Which is why I’m speaking out to you casual dining specialists, before it’s too late. Get yourself a box of those toothpicks that look like little swords and start cubing your sliders, $9.95 sirloins and other center-of-the-plate additions.
It’s no secret that other food channels are eating your lunch. Supermarkets and the quick-service horde are both offering meal choices close to your league in quality—if not squarely in it. The way they whet an interest is by sampling, a concept you’ve virtually left alone because you're not willing to swallow the bump in food costs as a marketing investment.

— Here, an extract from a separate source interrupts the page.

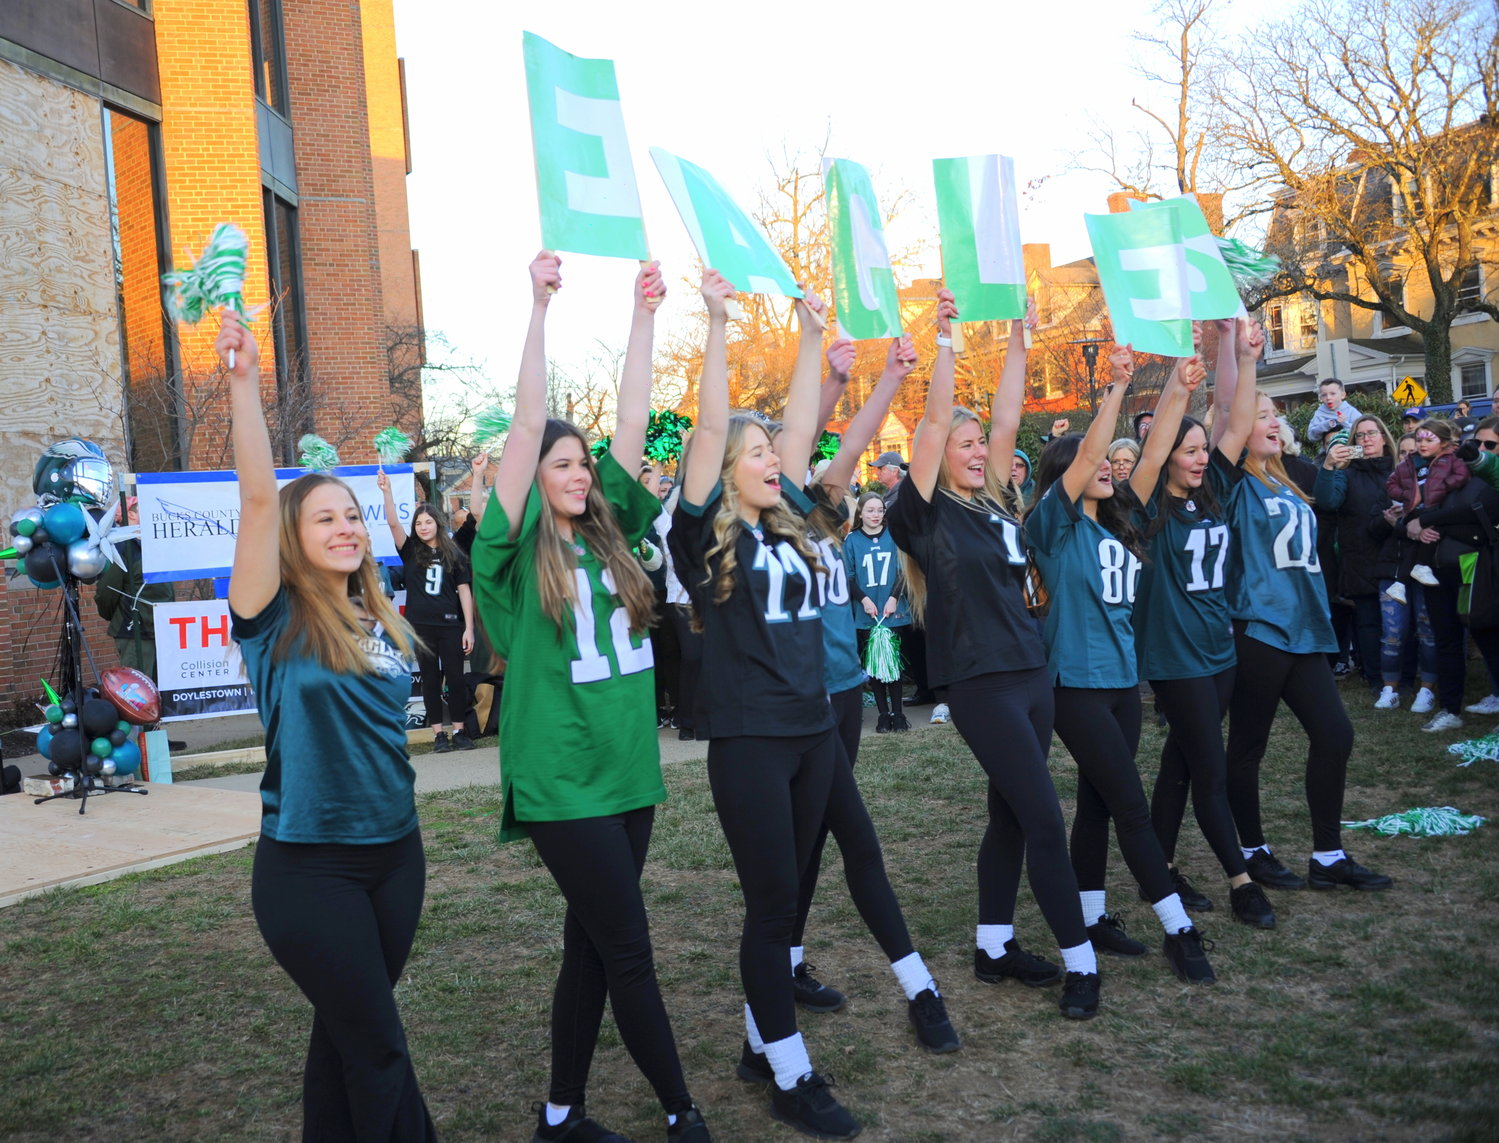 Members of the Fitzpatrick School of Irish Dance lead the crowd in an “E-A-G-L-E-S Eagles!” chant during their Friday night performance at the Herald’s “Bucks County Loves the Birds” pep rally on the lawn of the old county courthouse in Doylestown.
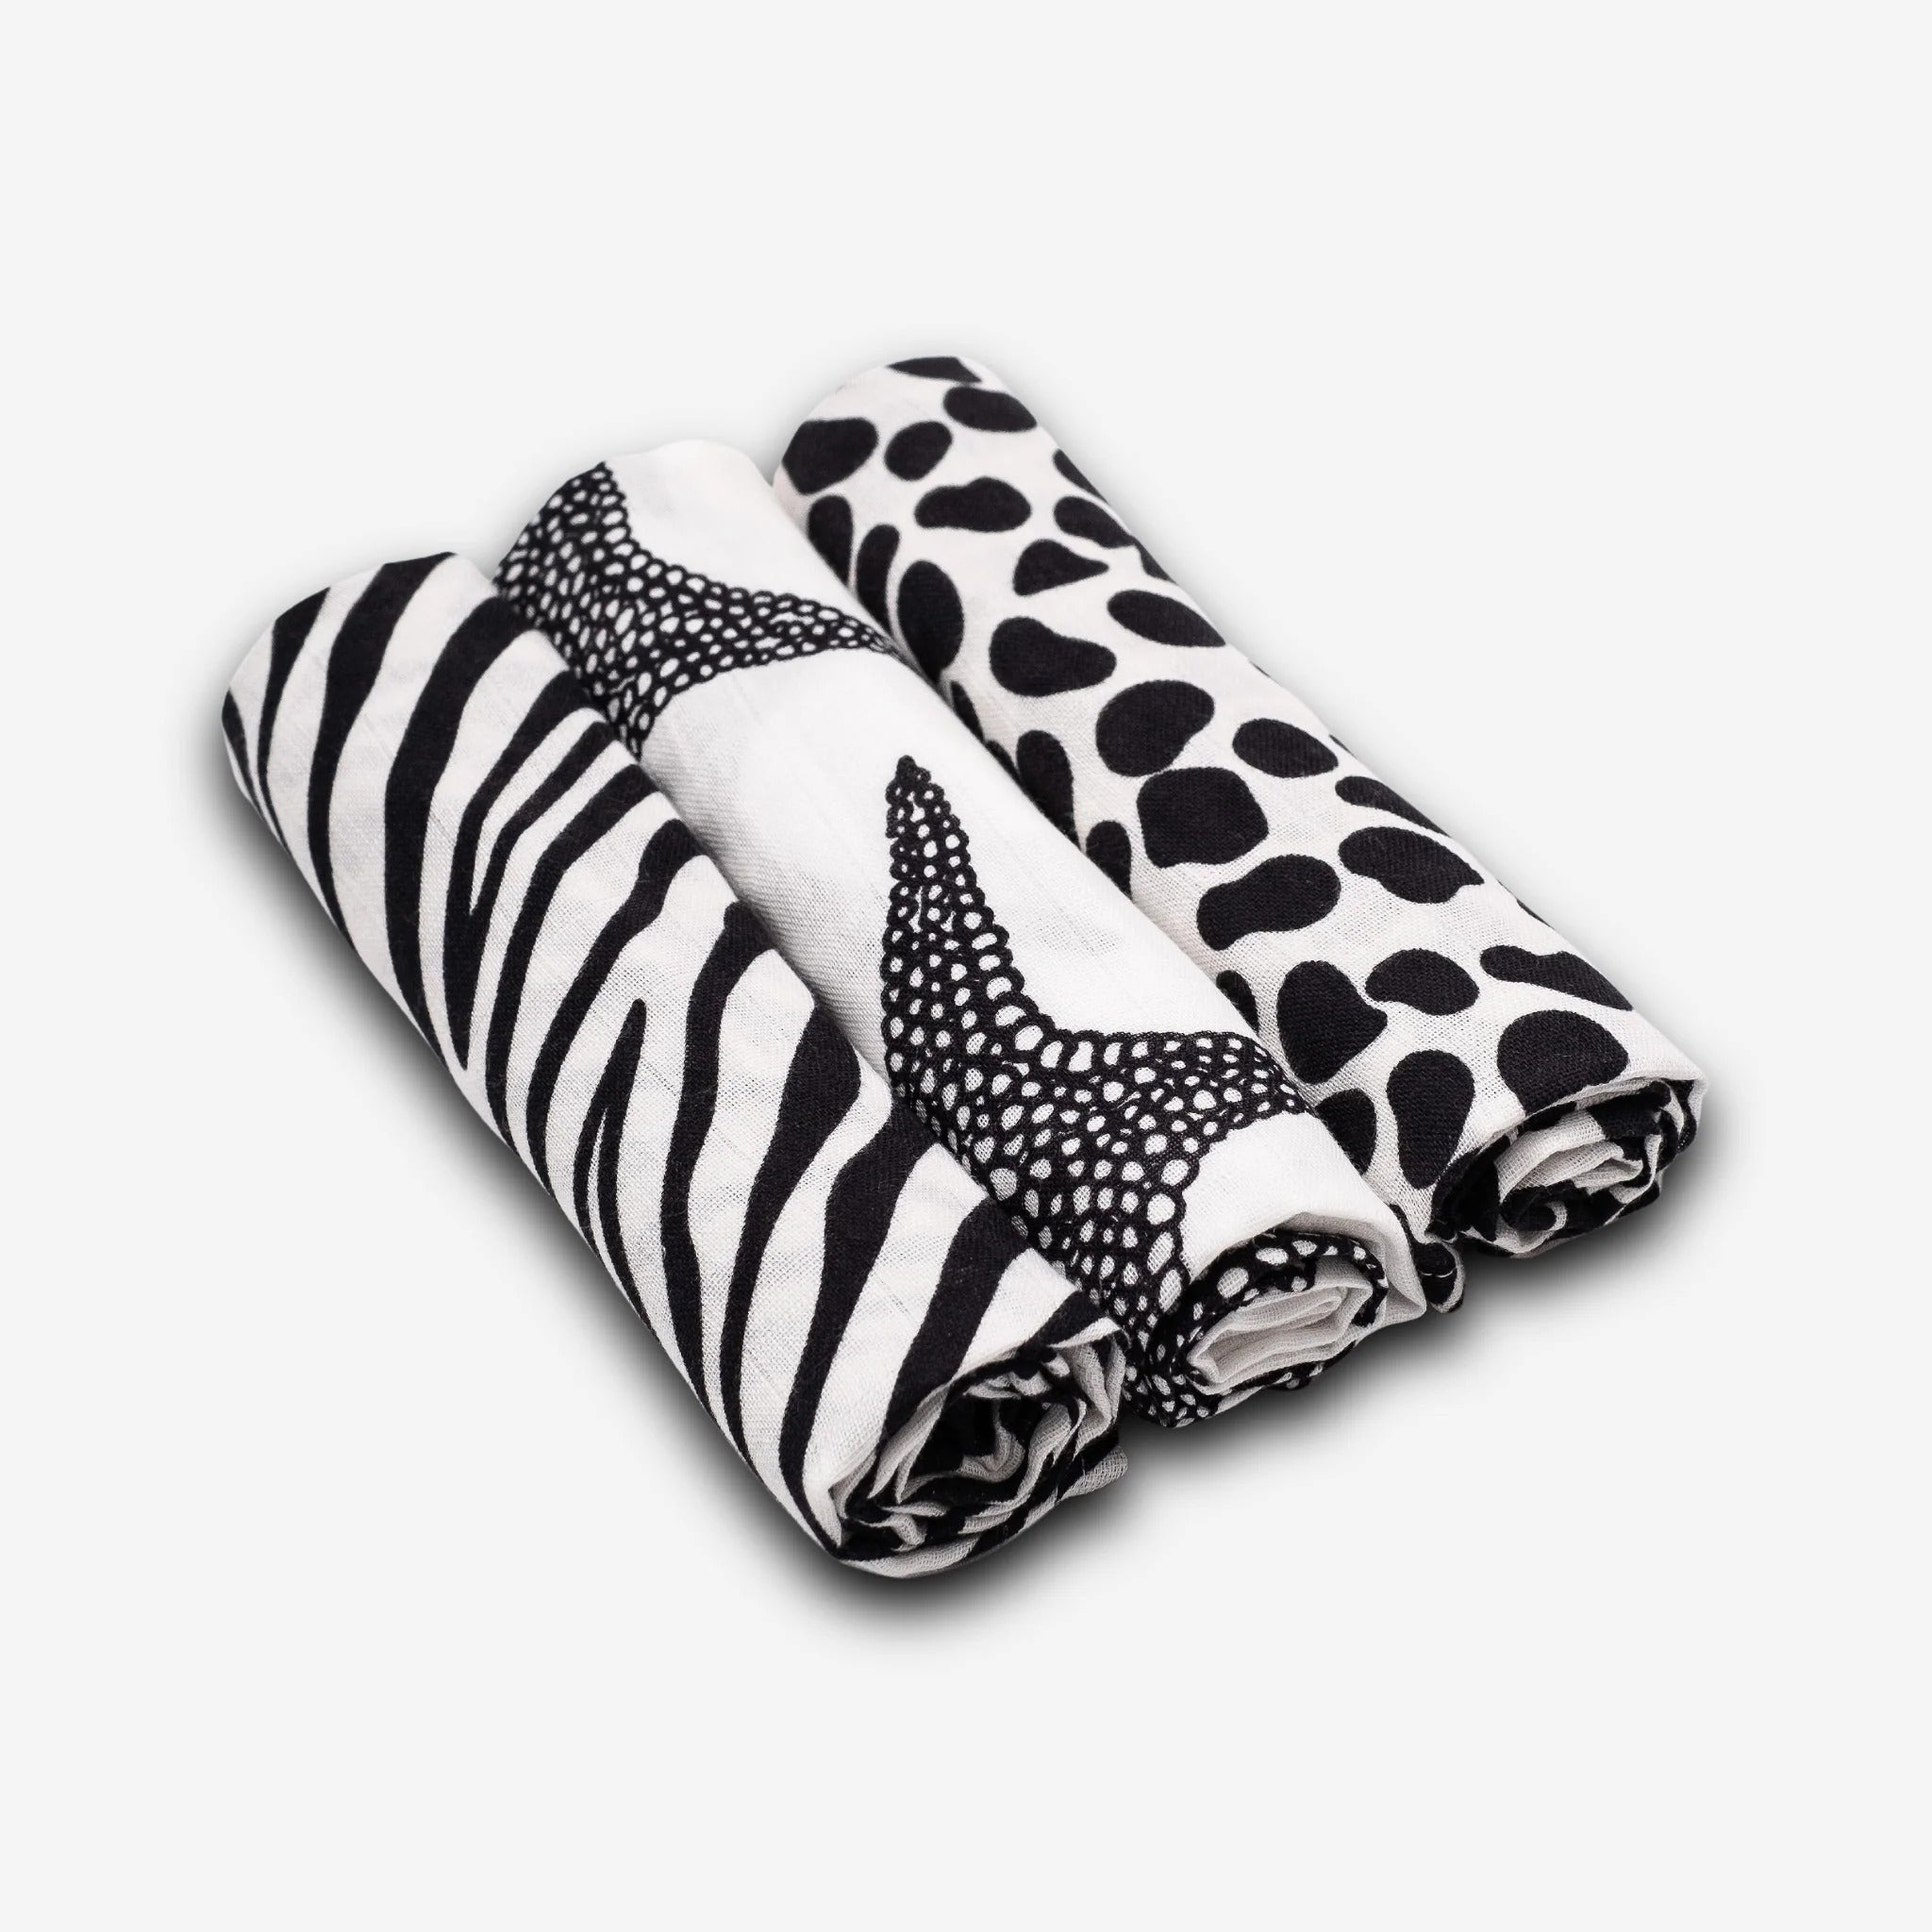 New Baby Gift Set of 3 organic sensory black and white muslins with animal print to help with brain development

Meanwhile, you’re adding items with cutesy names and suspect heritage, like Cheeseburger Pizzas or Mediterranean Egg Rolls . They sound like something you’d find on a c-store rack next to the Ho-Ho’s, Sour Cream & Maple Waffle Chips, and Hawaiian Pork Rinds. In short, abominations that were invented by chemists and processors, not discovered on the tables of some mountain town that had passed down the dish through umpteenth generations. They sound contrived, fake and definitely lacking in integrity. And that perceived artificiality of your menu is a big part of the problem.
Your hope is winning patrons with the taste of what you’re developing. The way to do that is with sampling.
I know firsthand that it’s an effective sales technique. When my wife sees 10 or 15 samples of the same item stacked in my shopping cart, she’ll often buy the product without trying it herself.
But I’m not sure if she sees me as a one-man focus group, or if she’s motivated by pure guilt.